Por que o setor é considerado o “espelho econômico” de um país?
Nunes – A construção civil representa cerca de 20% do PIB da indústria gaúcha. Mas é importante ter em mente que esse setor tem efeitos de encadeamento muito grande. Grande parte da manufatura de aço, de plástico, materiais elétricos, cerâmicas fazem parte disso. Ou seja, são várias indústrias que contribuem e dependem da atividade de construção. Então, em termos indiretos a representação econômica é ainda maior que os 20%.
Percebe-se que há uma volta do otimismo no setor. A que se deve esse movimento?
Nunes – A própria pandemia, com as pessoas ficando mais tempo em casa, faz com que as famílias reavaliem sua condição de moradia. Muitas vezes buscando reformas, ampliações e até indo atrás de outro lugar para viver.

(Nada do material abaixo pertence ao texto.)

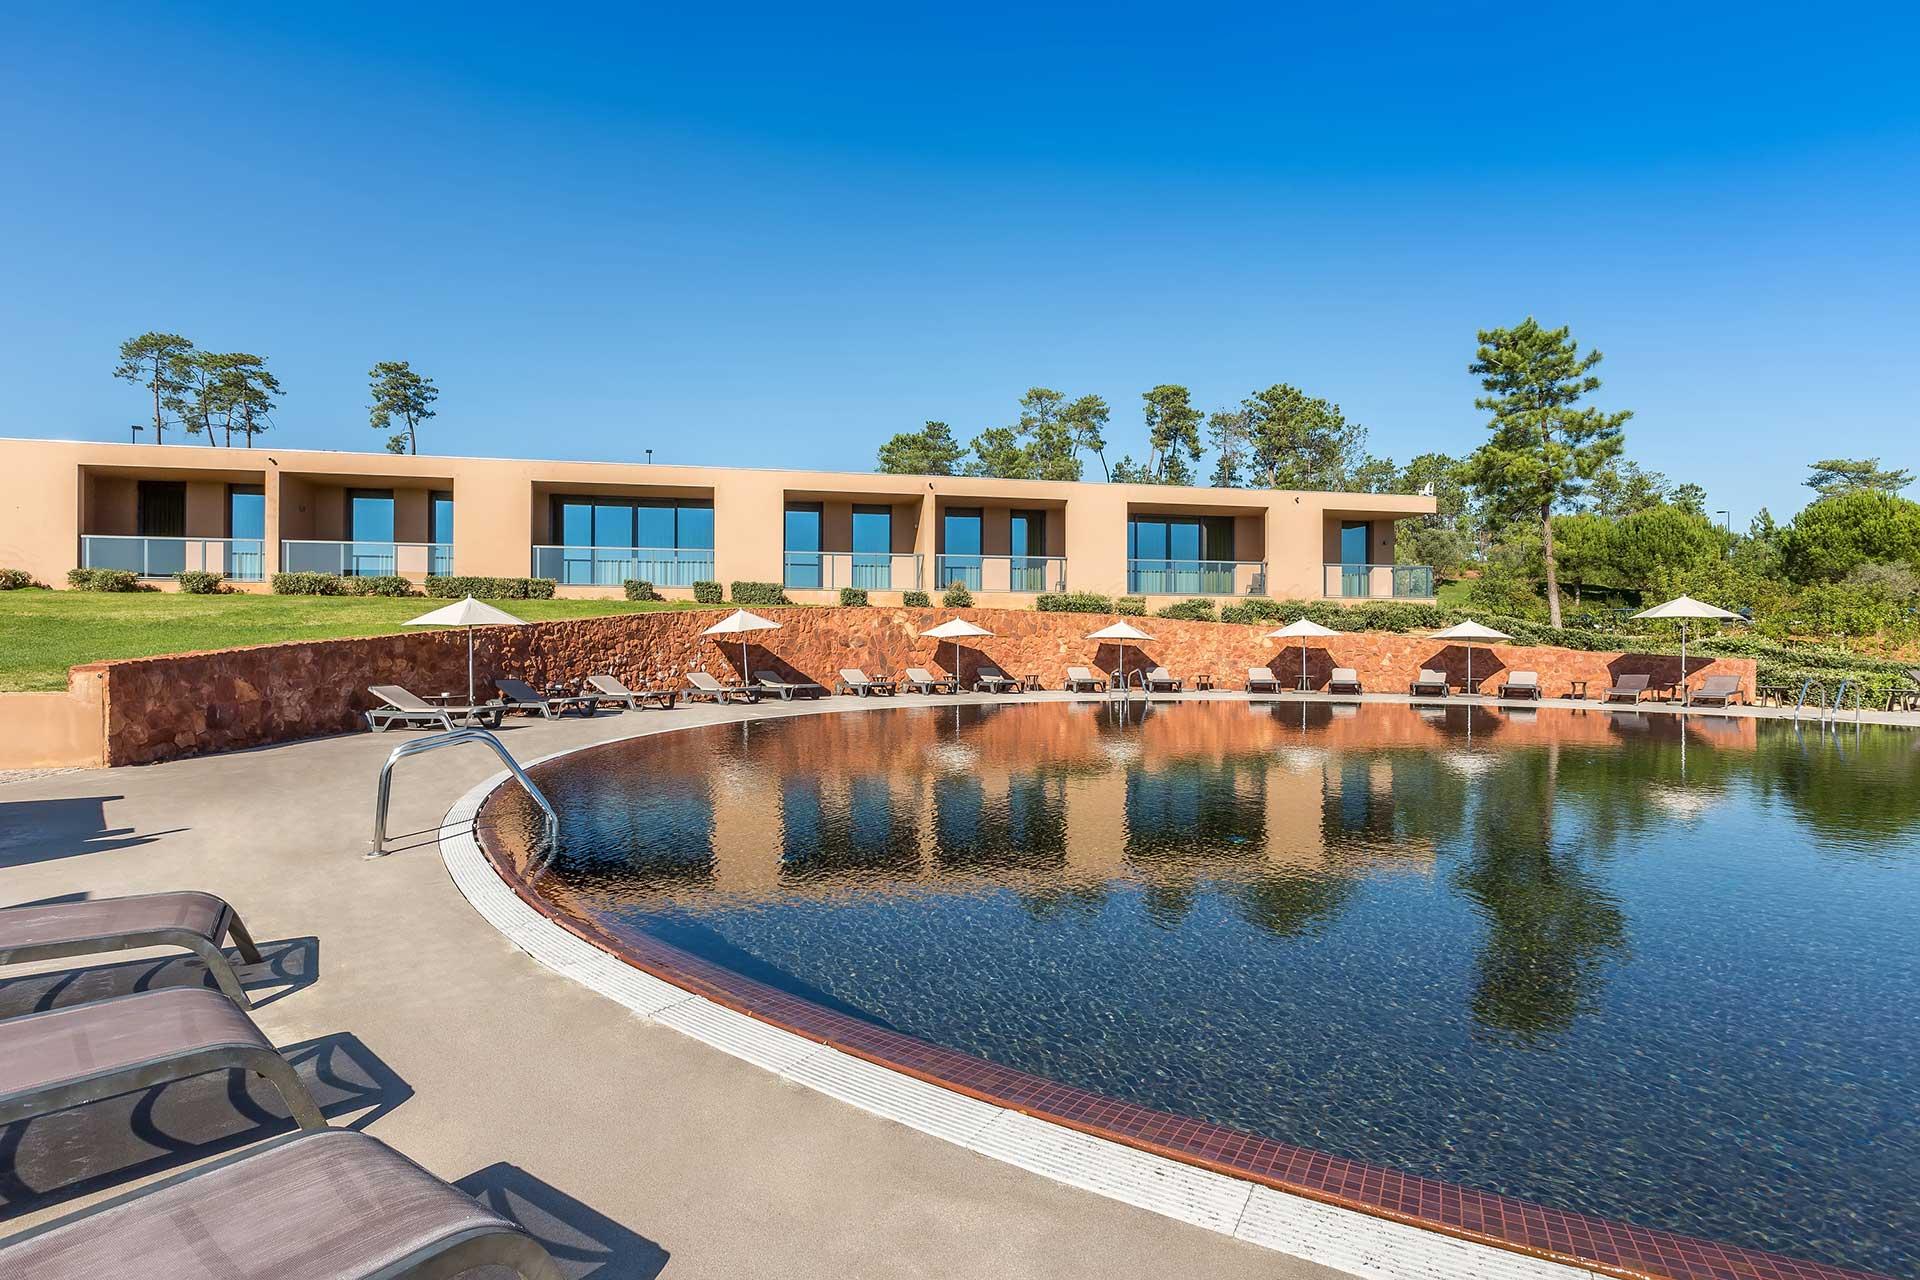 Golf-expedition-golfreizen-golfresort-Morgado-Golf-&-Country-Club-pool

Outro fator é a queda da taxa de juros. Isso faz com que o custo do financiamento seja menor. No entanto, temos de ter atenção que a construção é um setor muito amplo. Há cadeias perdendo muito, como no caso dos hotéis, de lajes corporativas e shoppings. Se por um lado a habitação deu uma esquentada em meio à pandemia, os outros segmentos estão sofrendo.
Do ponto de vista das políticas públicas, quais decisões podem ajudar o setor?
Nunes – Entendemos o empreendimento de construção, seja para investimento ou habitação, como algo de longo prazo. É preciso de tempo de construção, de maturação dos projetos, de fluxo de pagamento.
Isso está atrelado à expectativa que se tem com relação ao futuro. Portanto, do ponto de vista econômico, o que beneficia muito o setor é ter estabilidade, com taxas de juros baixas e menos volatividade no ciclo de crescimento.
Tudo isso favorece o setor em médio e longo prazo. Esse será um desafio para os próximos anos, tendo em vista que a pandemia fez com que as despesas públicas aumentassem.